We are not supposed to talk about the weather, because the weather is not cool. Weather is the province of farmers; the old and dull; the possibly racist. Weather is the domain of weatherpersons, who are usually wrong. Weather is what you talk about when you have nothing to talk about. If great minds discuss ideas, and small minds discuss people, then anti-minds discuss the weather.
Those of us who grew up in proximity to rural areas—close enough to know what the forest smells like, if not the edibleness of its berries—have a special sensitivity to talking about the weather. That’s what locals do, what they do, those barely-better-than-hillbillies who worry about their lawns the way Puritans worried about their barley crops. When we move away to various cities we make a point to avoid talking about the weather like this. We don’t have lawns anyway, so why should we care?
Here’s the problem: the weather is fascinating. Paying attention to it is more addictive than heroin. (I’m guessing; at the very least it’s comparable to cigarettes.) The intensity of the light and the feeling of the air are impossible not to notice once you get in the habit of noticing them. A sensitivity to winds or barometric pressure is impossible to ignore regardless of whether you, personally, are cultivating a single herb or shrub. And as if the physical implications of the weather weren’t immersive enough, there’s the intellectual realization that your entire reality is shaped by it: how your house is built, how you dress yourself, how you go to the store, how you spend your weekends, and so on. The weather is all. All is the weather. How do people ever talk about anything else?
Excuse me.
In truth though, the weather is a motherfucker. Yesterday, a blessed Saturday, was supposed to be a day for writing.
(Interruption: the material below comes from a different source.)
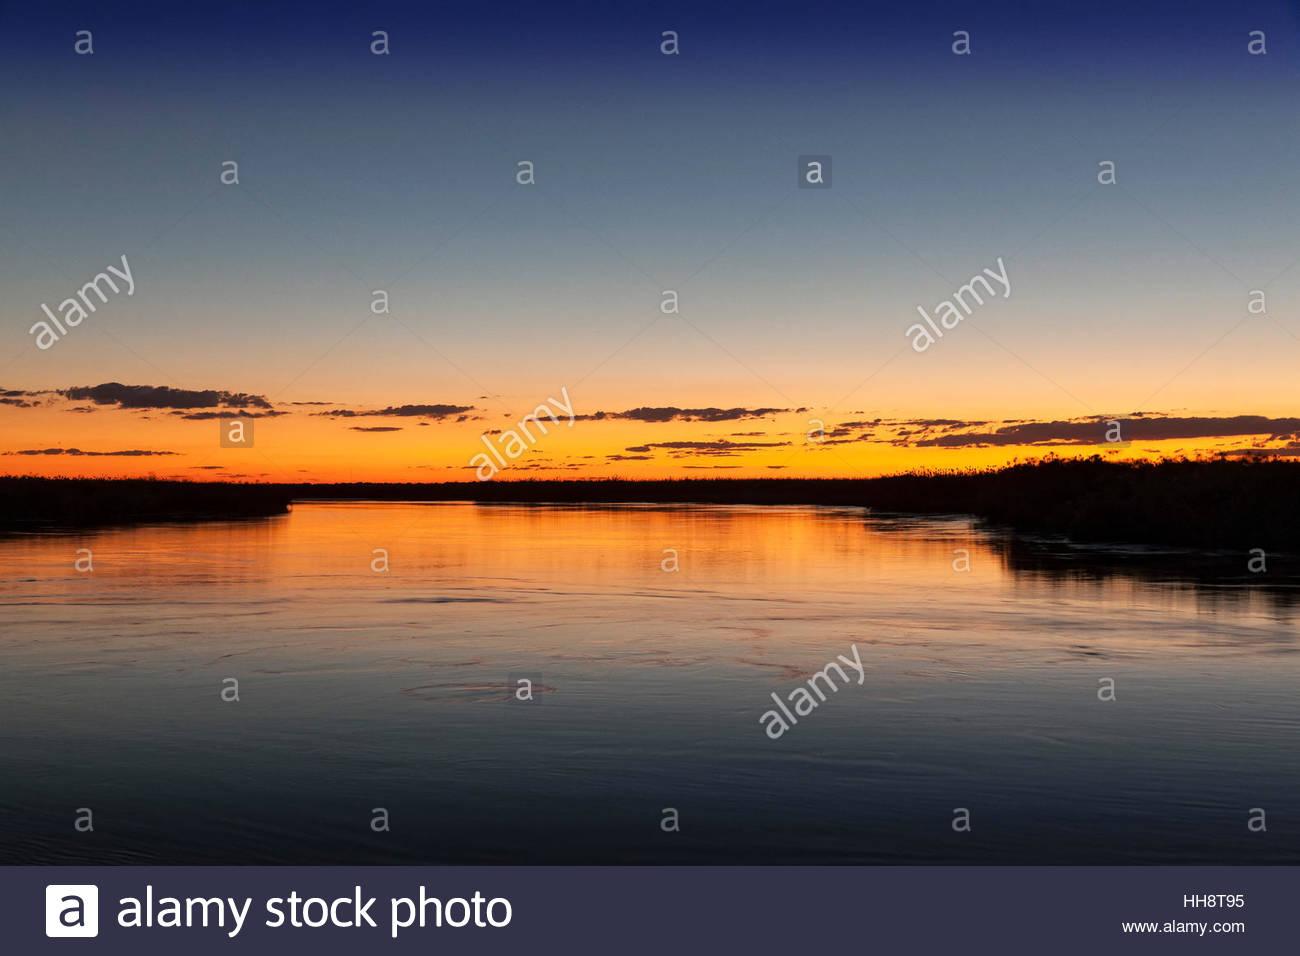 Sunset, Okavango River, Botswana - Stock Image

The forecast was snowy and cold. A constant wet grey, perfect for that hygge-style ambience that, if we’re being honest, is far less conducive to good writing than the right mix of caffeine and sativa. It was supposed to be cosy, is my point. The weather was going to help me write this essay, or a better one.
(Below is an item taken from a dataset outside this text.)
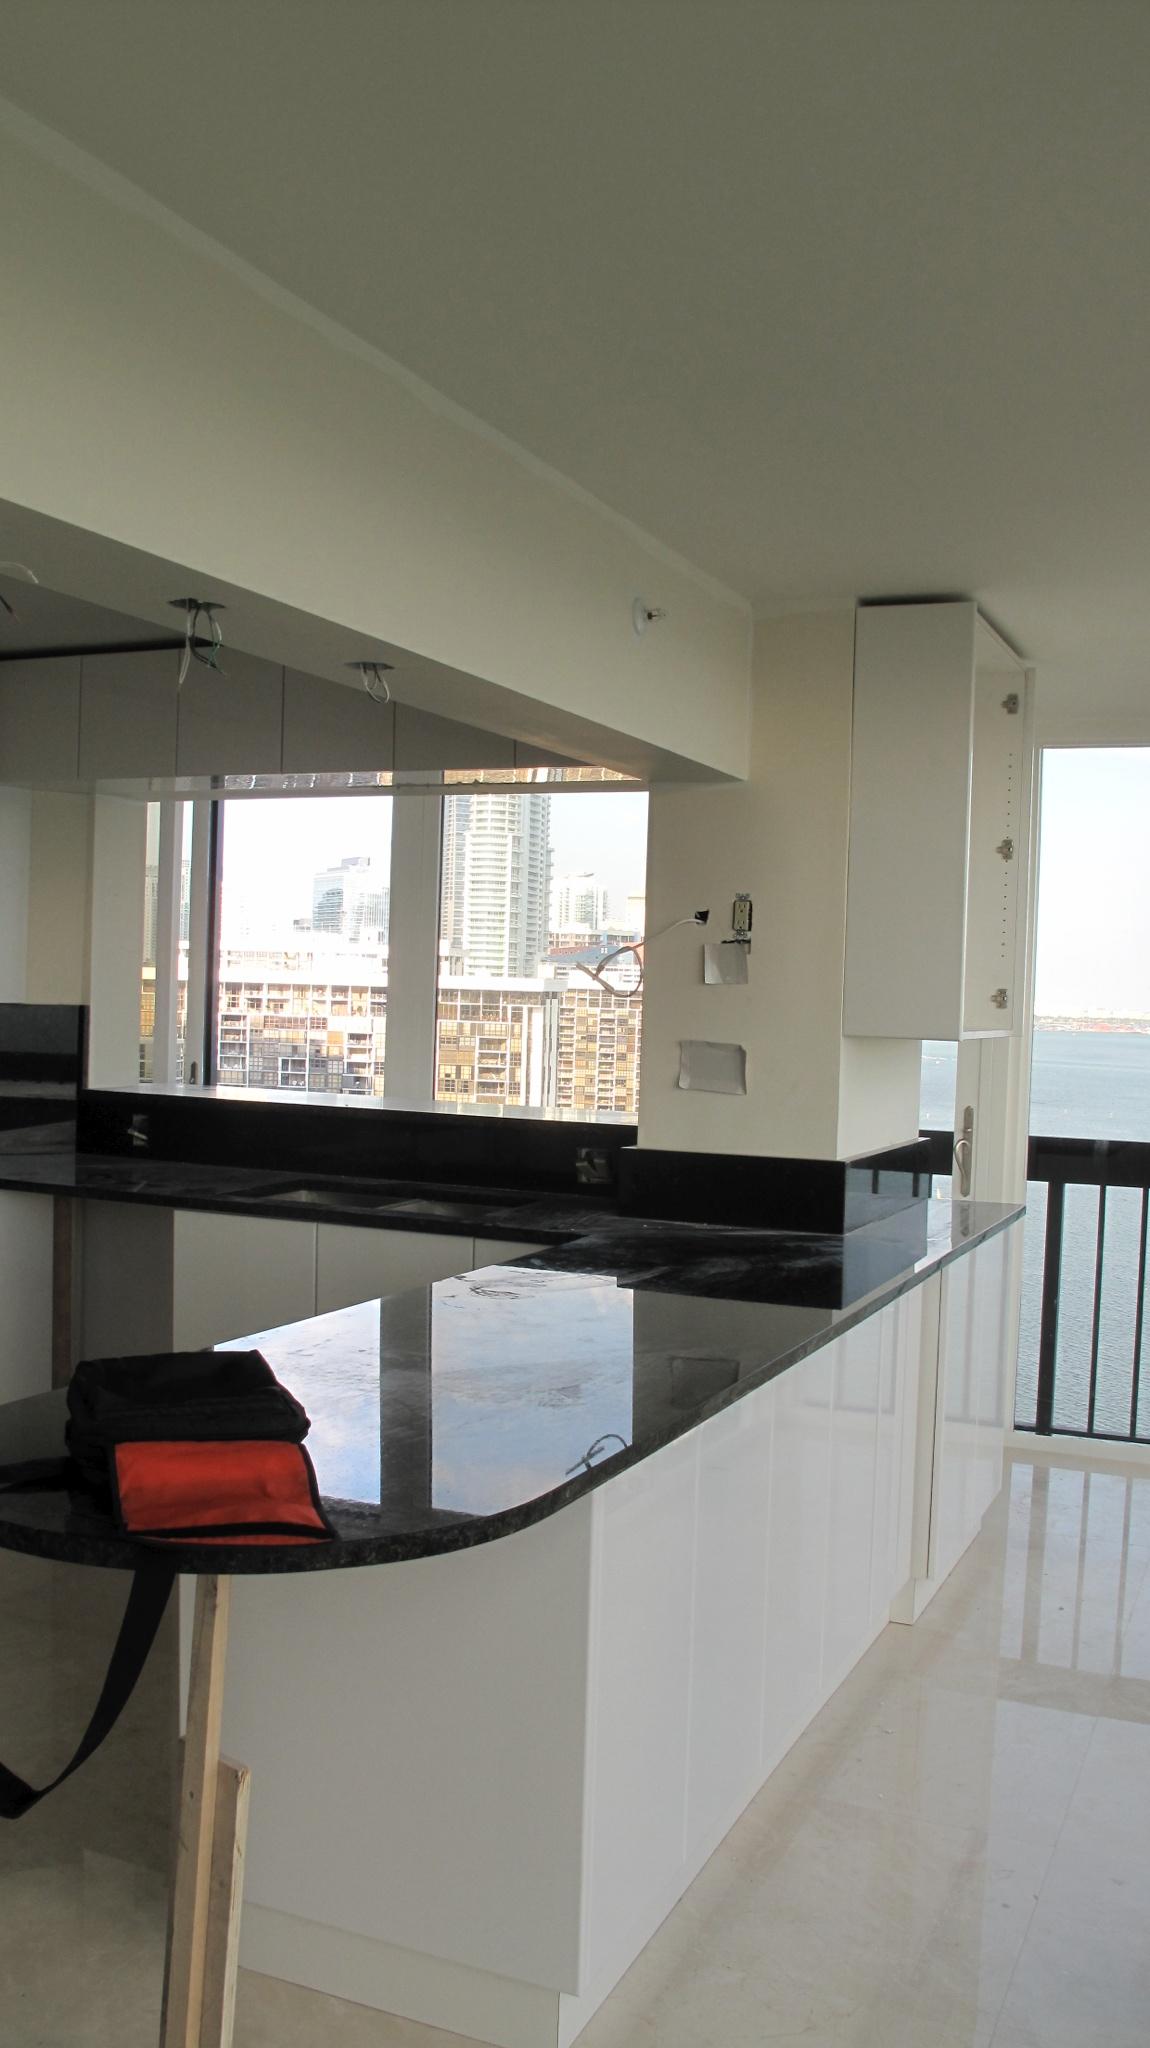 Kitchens-186.jpg

Instead I woke at the hideous hour of 6am to skies that were dark but clear. The voice of Midwestern guilt spoke up: Well, you can’t just sit inside if it’s gonna be a nice day out. And since you’re already up, might as well go see the sunrise from the mountains? No Midwesterner can come back from a one-two combo like that—the good weather scarcity mentality is engrained too deeply. It doesn’t matter if you live in a place with over 300 days of sunshine per year, or if you’ve seen thousands of sunrises, or if both apply.
You haven’t seen this sunrise yet. And it’s right there for the seeing. How could you miss it?
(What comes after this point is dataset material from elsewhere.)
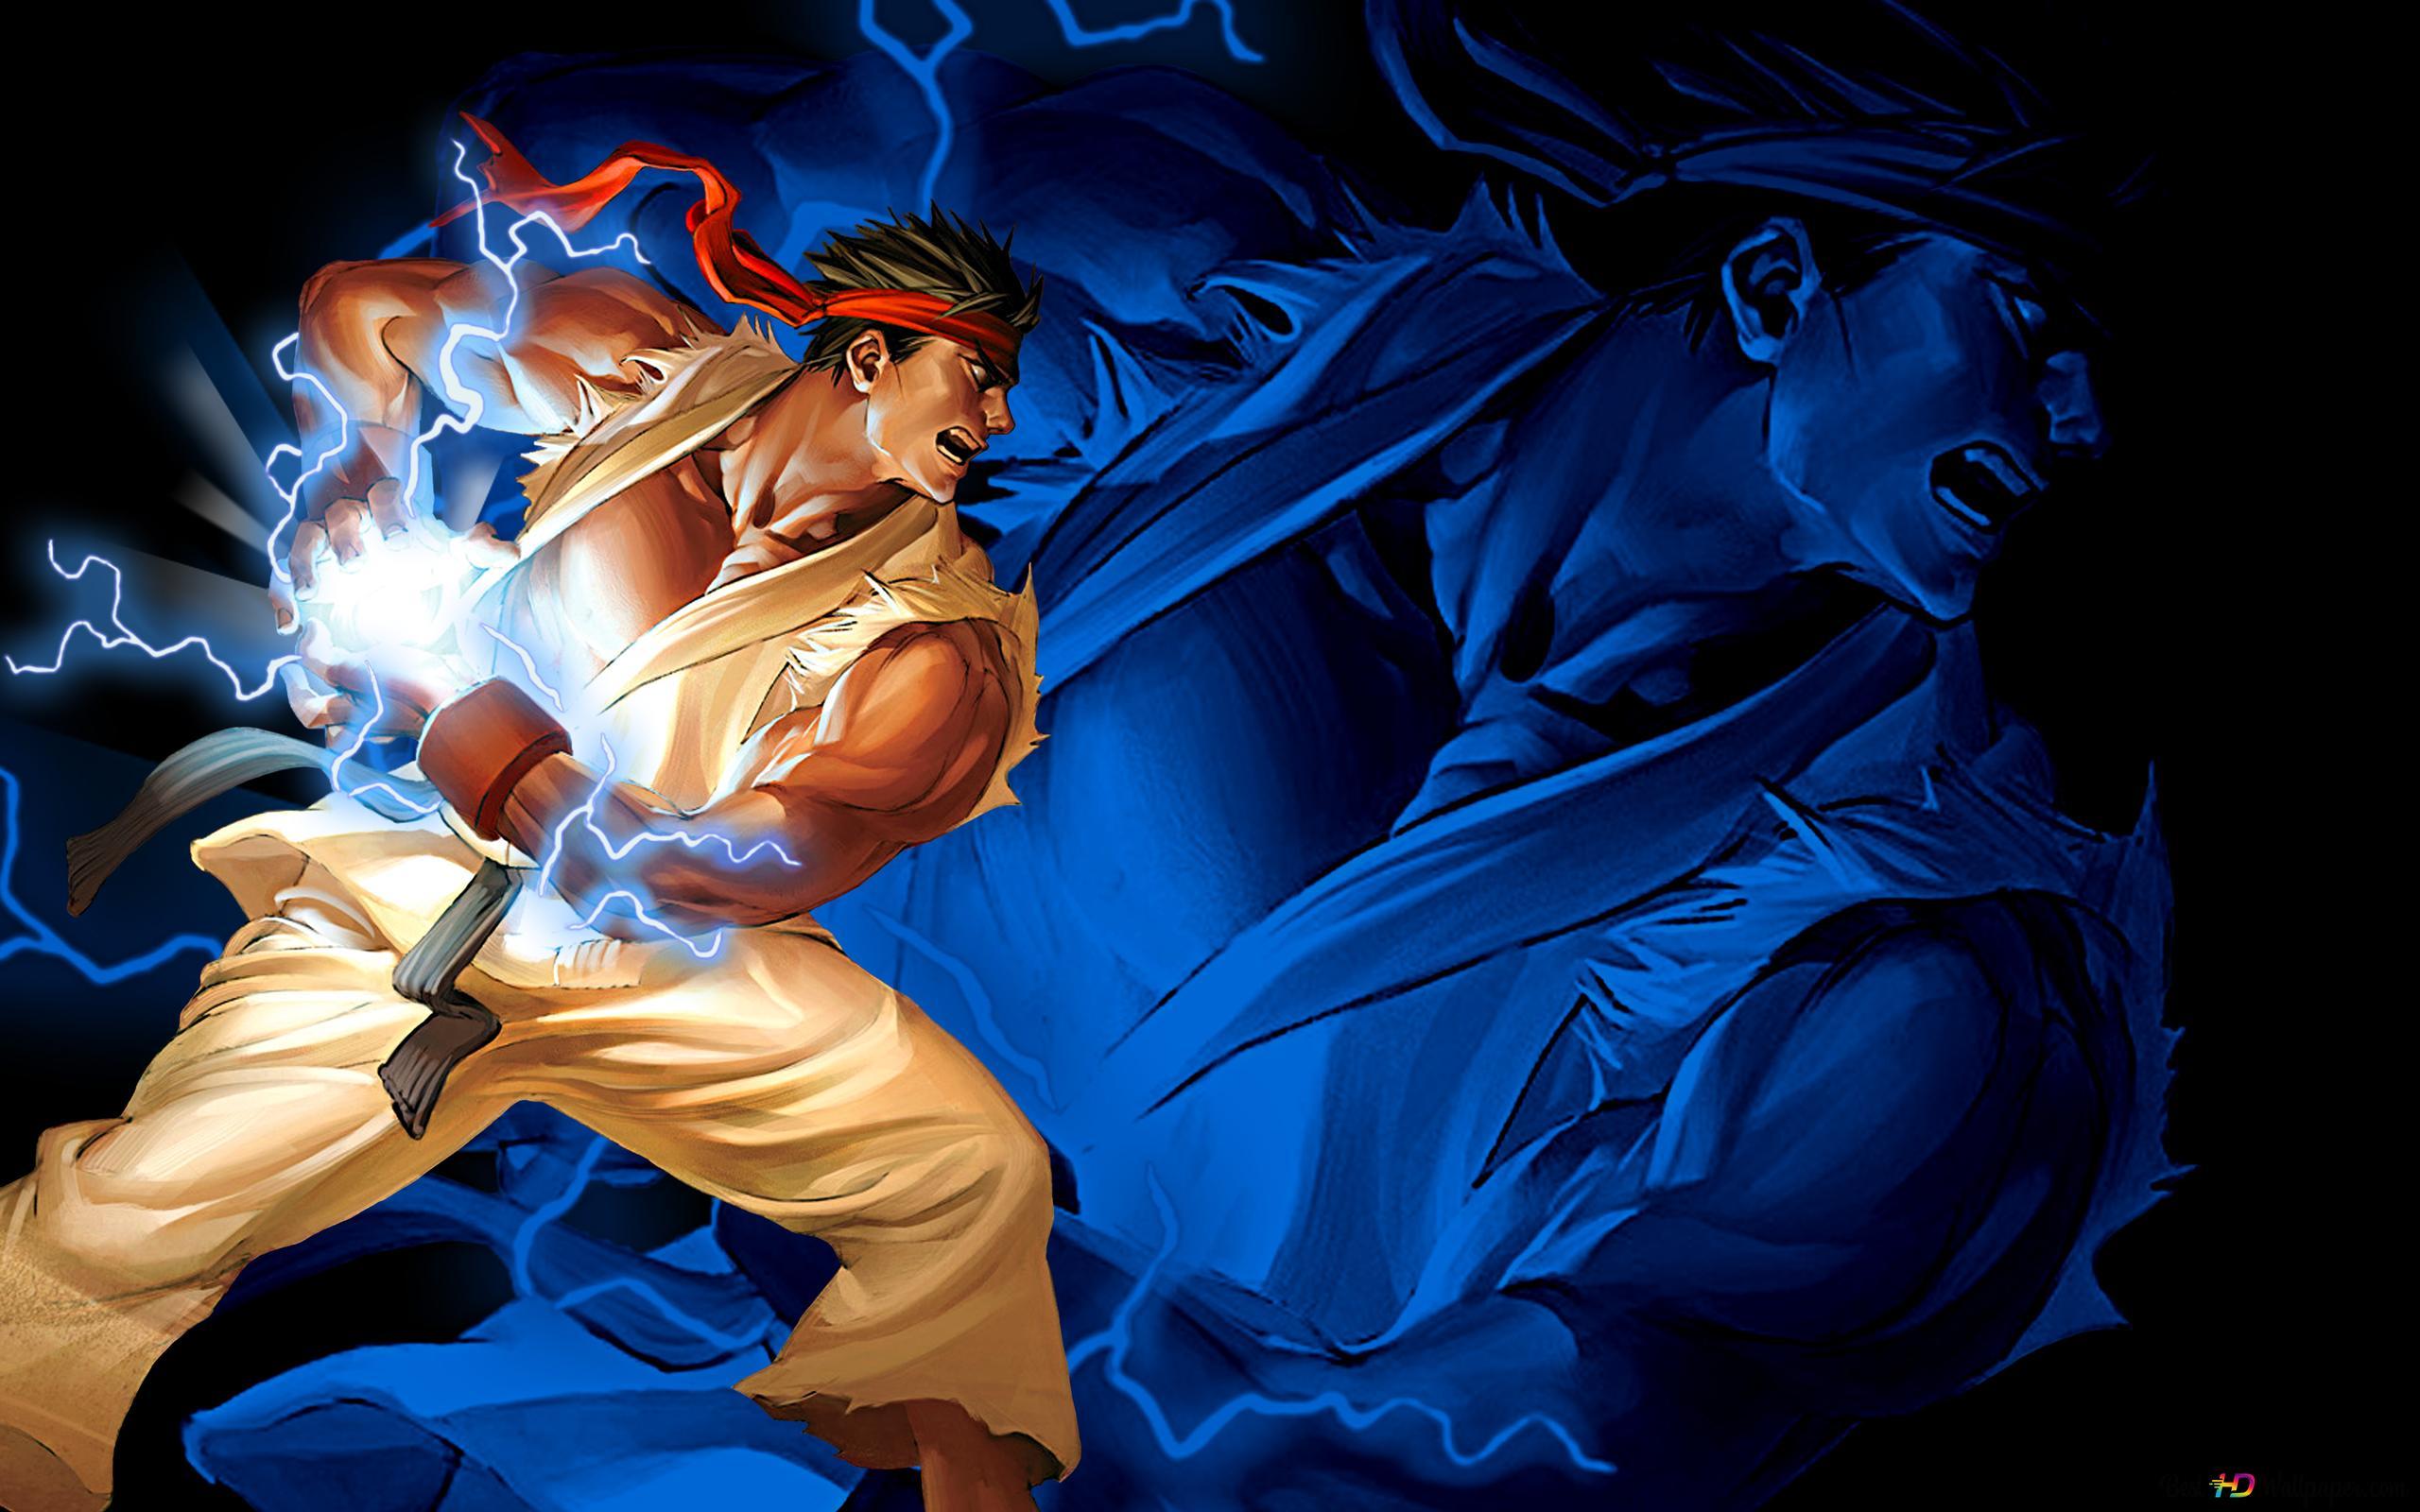 Street Fighter V Ryu Hadouken Hd Wallpaper Download

Dear readers, let me tell you it was the most… no. No. It’s time someone told the truth about the weather. I’m not going to sugarcoat it. There was nothing special about this sunrise. In fact, you couldn’t even see the sun itself because it was blocked by the eastern mountainside. No clouds in the pale brightening sky. Nothing but a flat light blue buzzing at the edges. Shadows on the path above the terraced gardens. Wisps of frost with every unmasked breath. A pair of goats chewing weeds, chickens rustling in their shed, a cat leaping from a stone wall. Normal events and normal weather.
Ah, and it was satisfying! To be shuffling out there in your boots against this backdrop of exceptional ordinariness! To think, “Little colder than it looked, better head back for now.” To stop at a new-old bakery on the way back—you’ve walked by it a million times, how come you’ve never tried it?—and grab a chocolate croissant. To throw on a robe when you get home, then fall asleep on the couch with the cat curled up on your chest, and awake hours later to a veritable blizzard. To stare at the first fat white flakes of the season blot out all of existence beyond your window.
And then imagine about two hours later, when the sun is high and the snow is already melted, and someone asks you, “So how’s the day so far?”
You’re going to say the weather’s been crazy. You won’t be able to help yourself. Maybe you’ll say it with a knowing chuckle, or an exaggerated I’m-in-on-the-joke cadence. But you’re a simple, fallible human being and it’ll be impossible to avoid commenting on the weather’s volatility. It’s like the instinct to nurture babies or avoid unpleasant smells. You have to acknowledge weather.
Weather mind is a neighbor to beginner mind. It can introduce you two, which is why it’s so precious and lovely. Or it can exist in a kind of perfectly equilibrated bubble between you, touching neither at any exact moment but always capable of doing so in an instant. Maybe this is why weather mind is so aggravating to some of us. There’s sophisticated weather mind (which makes simple observations with profound implications) and the unsophisticated variety (which makes the same observations but for the purpose of, say, avoiding the topics of politics or failed marriages). No epistemic company is irritating in quite the same way.
On the other hand, who cares about such nerd shit? The much-appreciated dreariness that made this work possible has just lifted, and it’s now a sunny afternoon. This changes things. How so? Not exactly clear yet. But the weather is crazy.